GIVEN DATA —
——————————
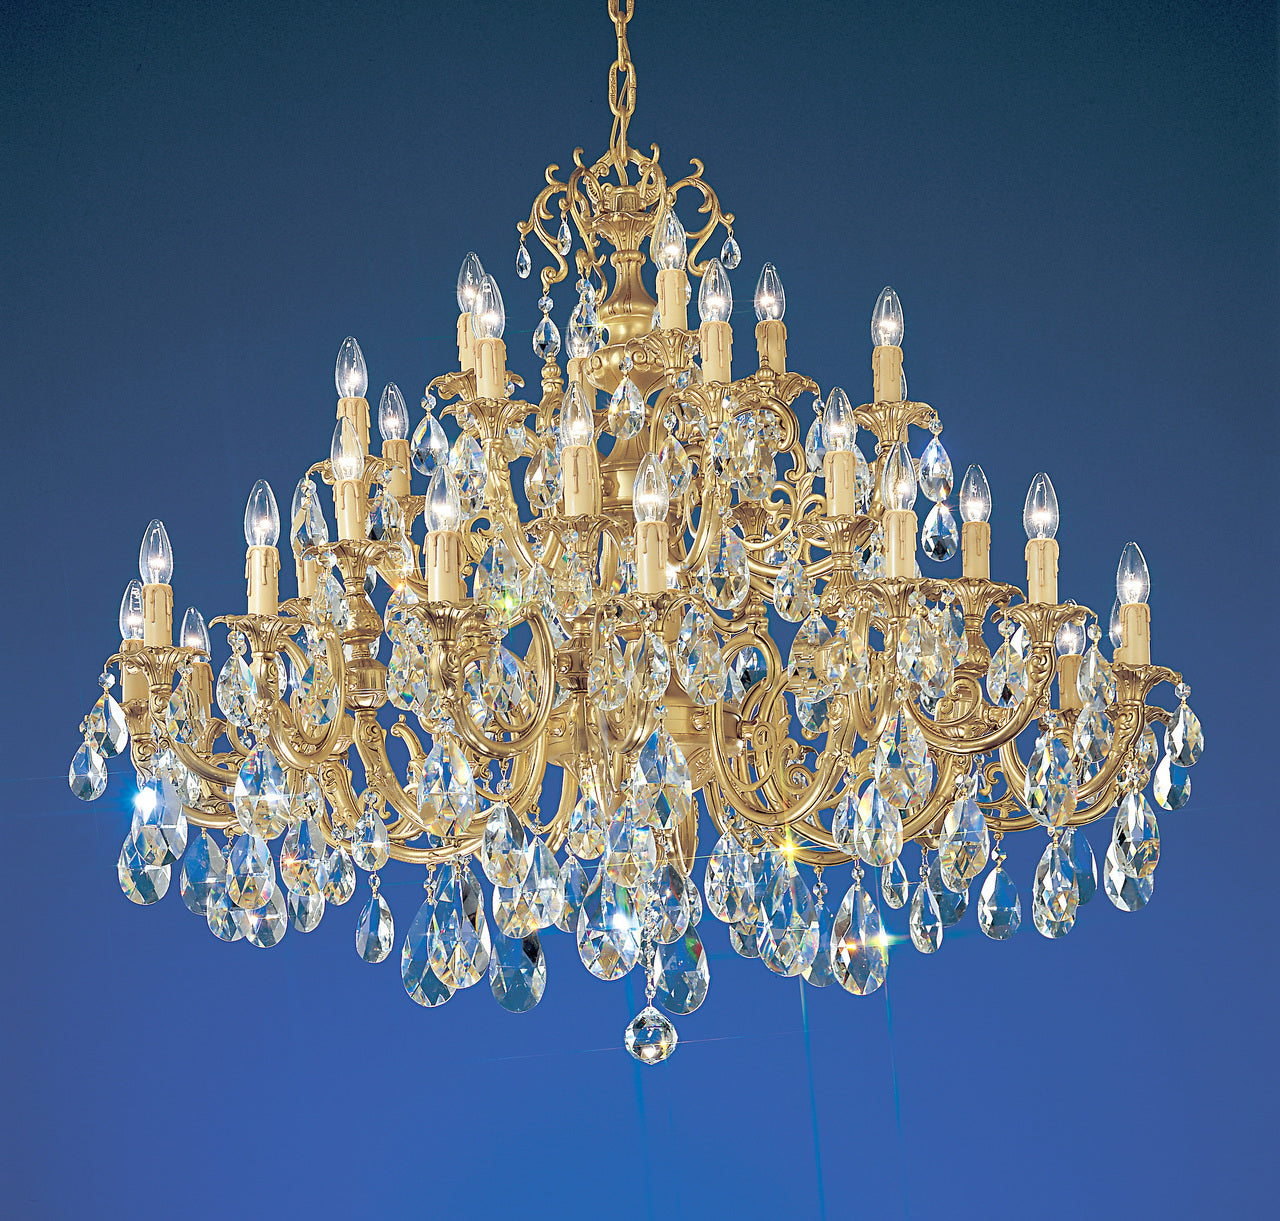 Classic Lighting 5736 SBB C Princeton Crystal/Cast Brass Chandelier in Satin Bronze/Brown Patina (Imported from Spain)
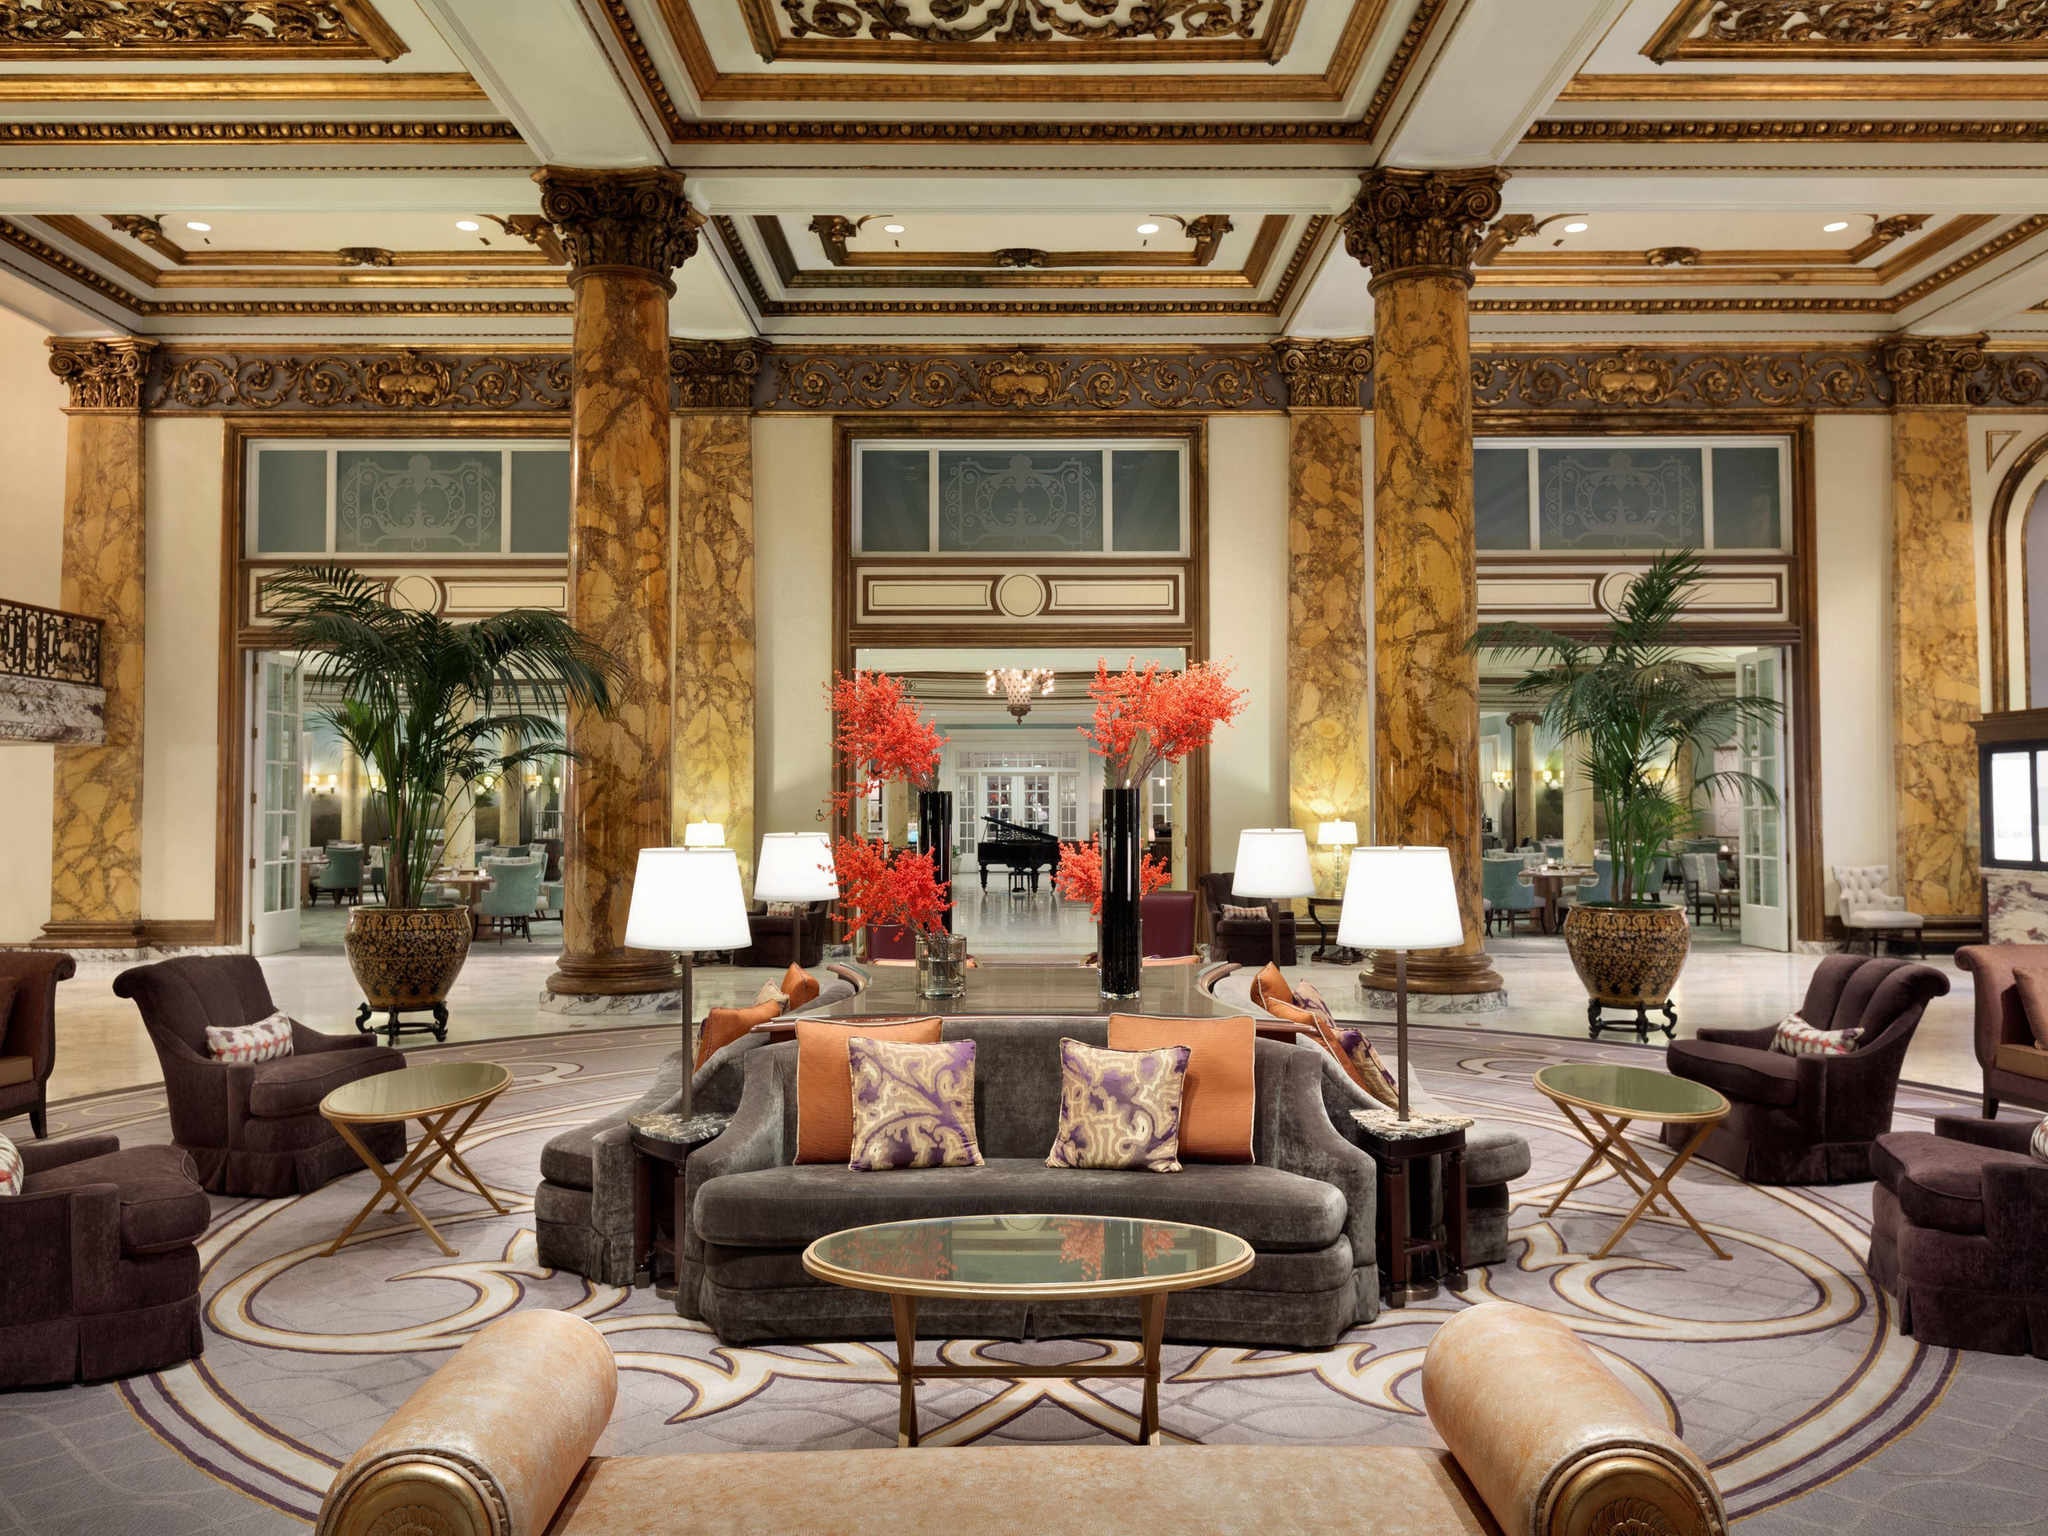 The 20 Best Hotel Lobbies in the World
——————————
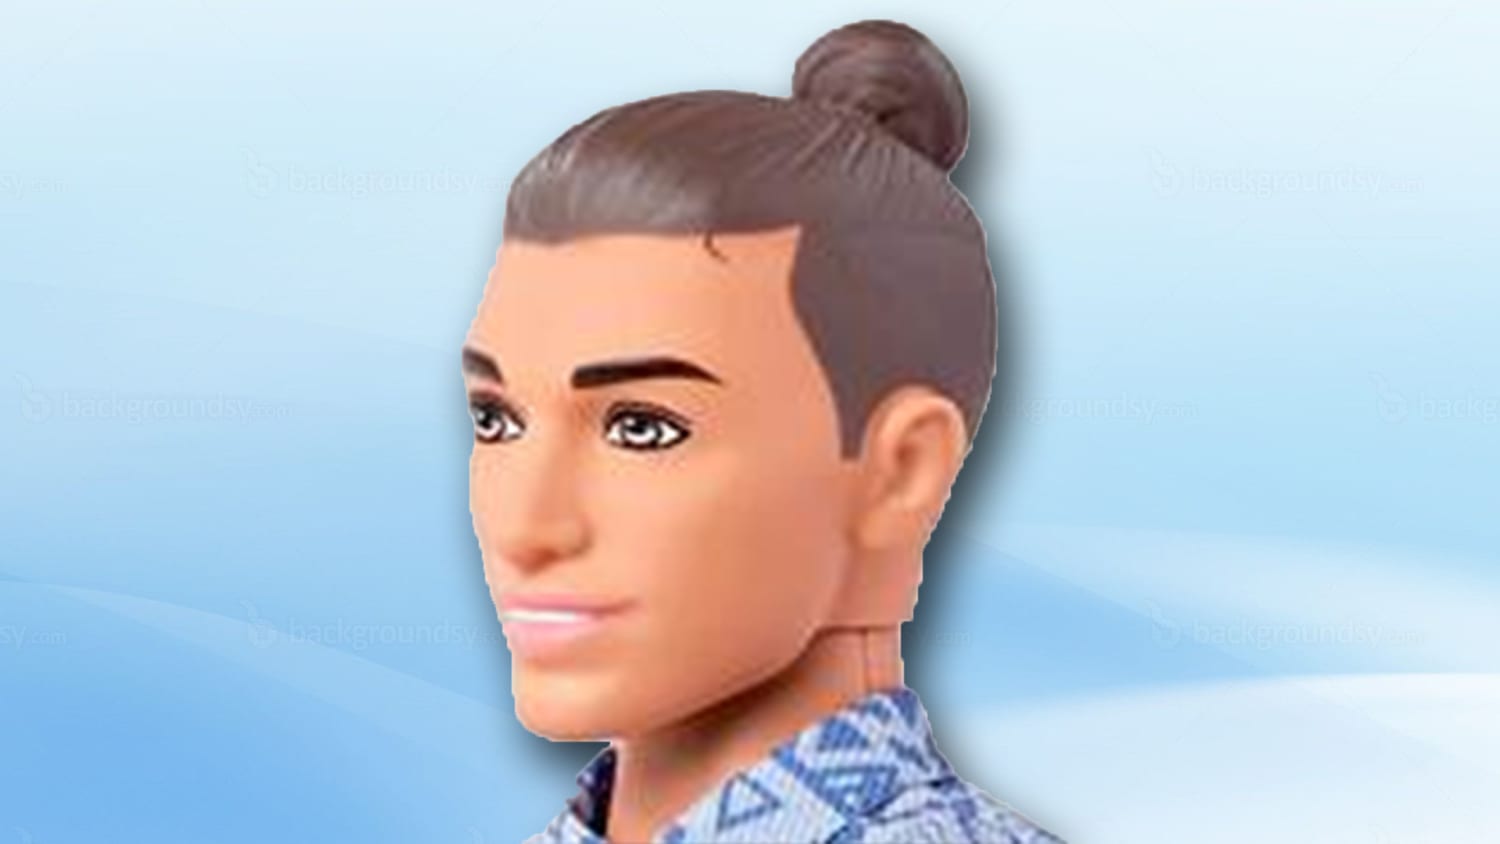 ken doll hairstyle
——————————
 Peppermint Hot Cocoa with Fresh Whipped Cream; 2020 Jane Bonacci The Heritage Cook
——————————
DIRECTIONS FOR THIS TASK — Precisely those lines above that run from the line with "Classic Lighting 5736" up to and including the line with "The 20 Best Hotel Lobbies in the World" are to be set down, with the pictures omitted.

OUTPUT FOR THIS EXERCISE —
 Classic Lighting 5736 SBB C Princeton Crystal/Cast Brass Chandelier in Satin Bronze/Brown Patina (Imported from Spain)
 The 20 Best Hotel Lobbies in the World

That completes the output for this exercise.